On that note, it is further worth mentioning that the prescribed amount of 1 (one) week, and by the wording of “at least”, is meant to refer to a basic / minimum amount. With the result that an employer and employee can agree to a more beneficial payment, and similarly where an employee resigns or retires before reaching the age of 65 years, the employer may voluntarily agree to pay severance to the employee, but is not obligated to do so.
The term “dismiss” also often causes confusion. For clarity the term means termination of employment by an employer for whatever reason. The only exceptions being dismissal for misconduct or poor work performance.
In addition when a person has been appointed on a temporary / fixed term contract, severance pay is not applicable since the contract terminates through the lapse of time and not through dismissal or resignation.
Lastly severance is calculated on remuneration, meaning that employers must base their calculations on the total value of all payments in money and in kind relating to the employee’s current earnings, which includes any monthly allowances.
Unfair dismissal
Irrespective of whether notice has been given or not, an employer may not dismiss an employee without a valid and fair reason and without following a fair procedure, the latter being subject to any code of good practice issued by the Minister of Labour, or the procedures set out in terms of section 34 (in case of retrenchments).
A dismissal will automatically be unfair if an employee is dismissed because the employee;
Disclosed information which the employee is entitled or required to disclose
Fails or refuses to do anything that an employer must not lawfully permit or require the employee to do
Exercises any right conferred by the Labour Act or in terms of an employment contract or collective agreement
Belongs, or has belonged to a trade union
Takes part in the formation of a trade union
Participates in the lawful activities of a trade union outside working hours, or within working hours, with the consent of the employer or in the circumstances contemplated in section 67(4), which refers to the performance of the functions of internal workplace representatives.
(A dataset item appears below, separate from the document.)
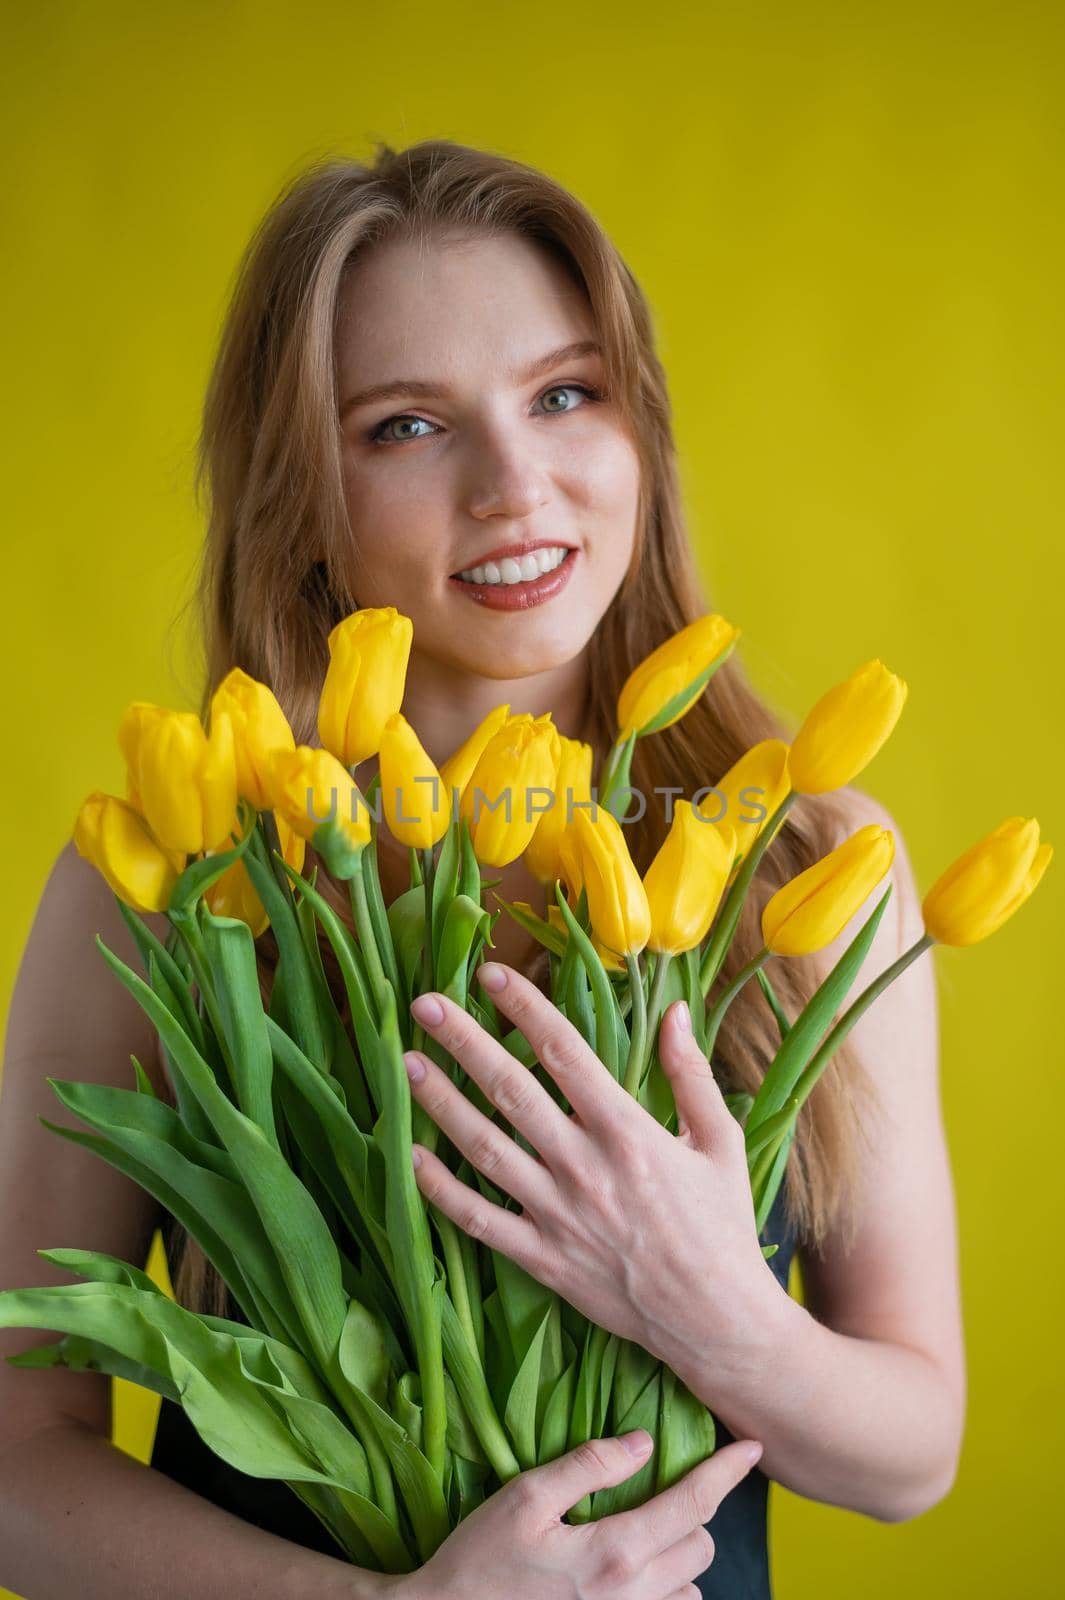 Caucasian woman with an armful of yellow tulips on a yellow background. International Women's Day. Bouquet of spring flowers.
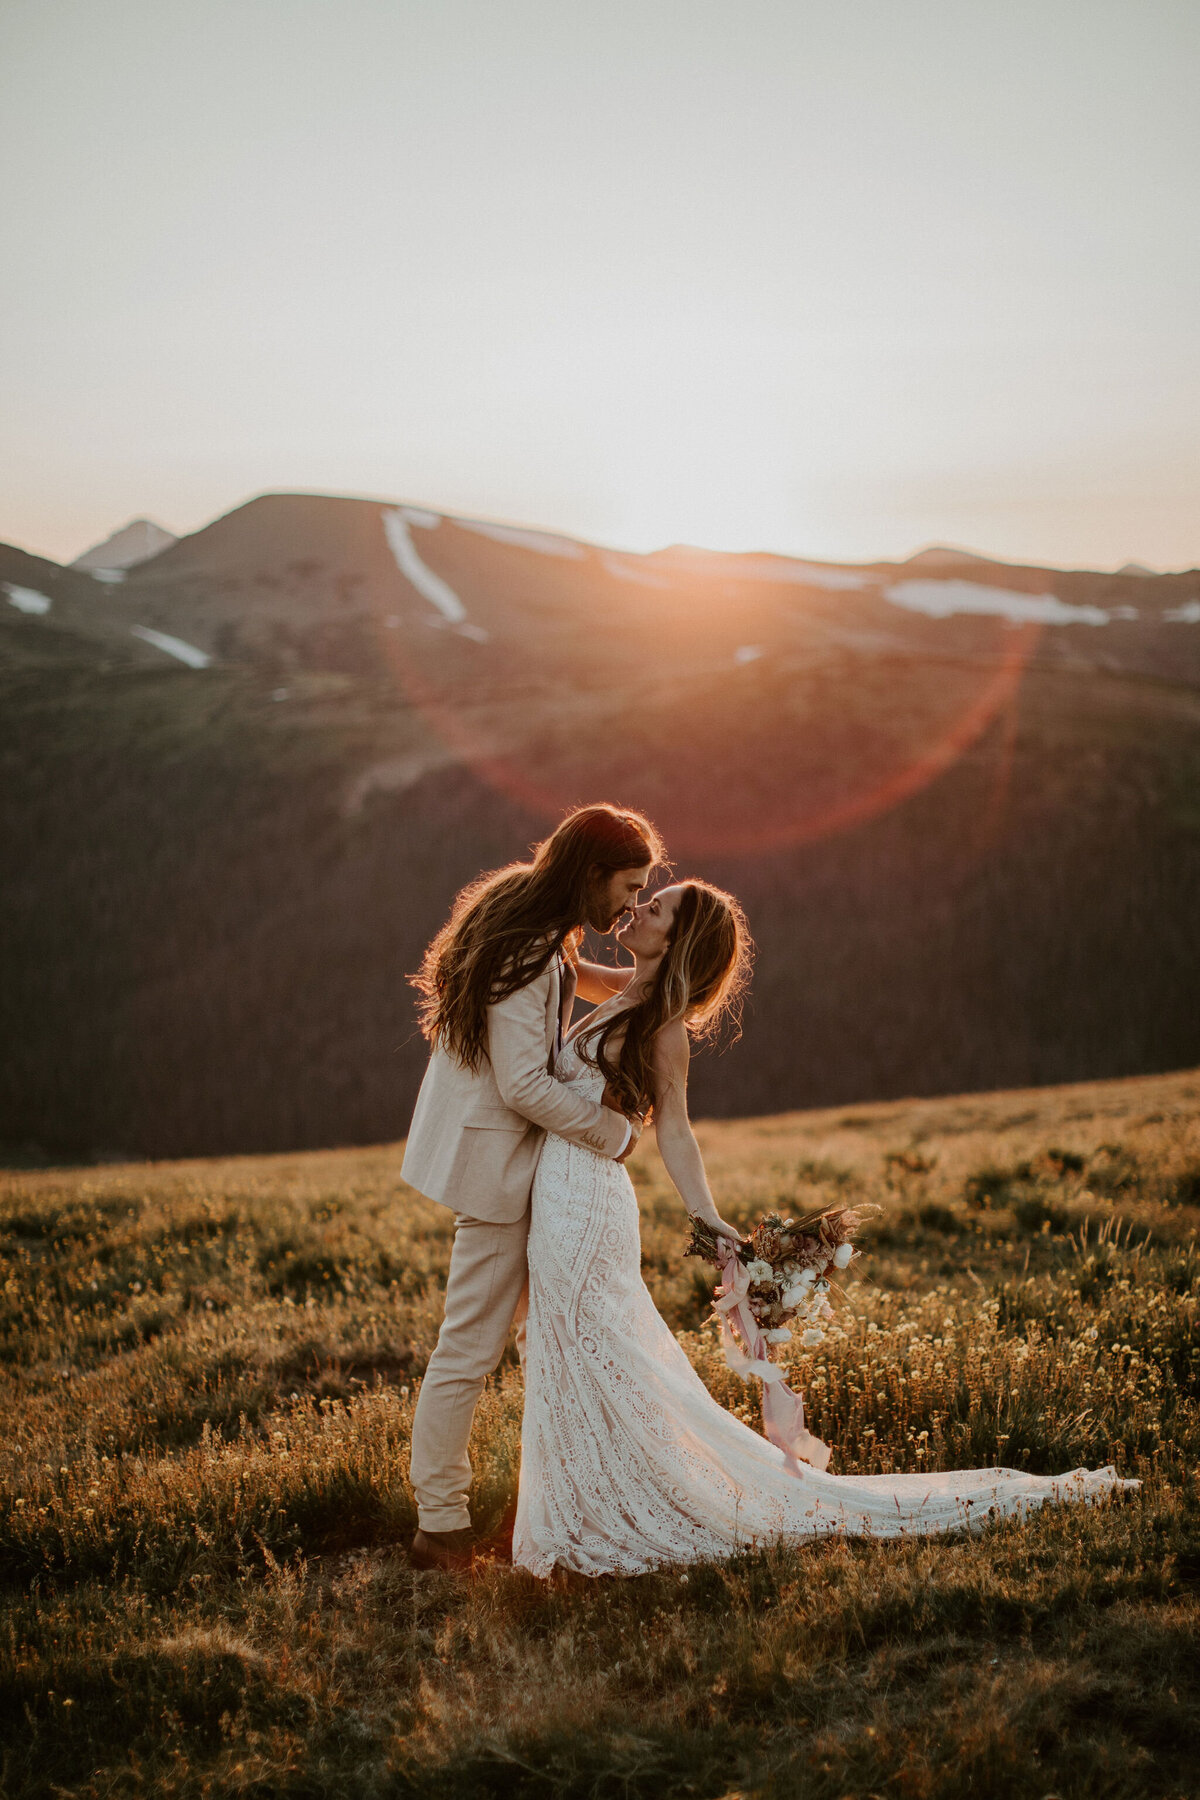 Bride and groom wearing an ivory suit and white wedding gown, kissing during golden hour in a mountain landscape.

It is also considered unfair to dismiss an employee because of the employee’s sex, race, colour, ethnic origin, religion, creed, social or economic status, political opinion or marital status.
In the absence of statutory provisions, employers generally fail to understand what is meant by; 1. valid and fair reason and; 2. a fair procedure. Briefly, the two pillars, which is also often referred to as substantive and procedural fairness, entail that an employer must have a valid and fair reason to terminate the employment of the employee and must, before doing so, follow a fair procedure. For assistance, it has been held in numerous Labour Court judgments that employers are not expected to handle disciplinary proceedings according to the rigorous standards applied in courts of law. Instead natural justice require no more that employers use their commonsense percepts of fairness.
This entails that a fair procedure is one that requires at the least;
An investigation into the misconduct.
That notice of the allegations is served on the employee.
That the employee is given reasonable time to prepare.
That the employee is allowed the opportunity to respond to allegations.
That the employee is allowed to be represented either by a fellow employee, shop steward or trade union official, subject to employer policies and procedures.
After the inquiry the employee is given notice of the decision in writing.
Understanding Namibia’s labour law is crucial for both employers and employees alike. The framework established by the Labour Act promotes fair treatment in workplaces across various sectors while providing mechanisms for addressing grievances and ensuring compliance with regulations.
By staying informed about these laws, stakeholders can contribute to a more equitable work environment that respects workers’ rights while fostering economic growth in Namibia.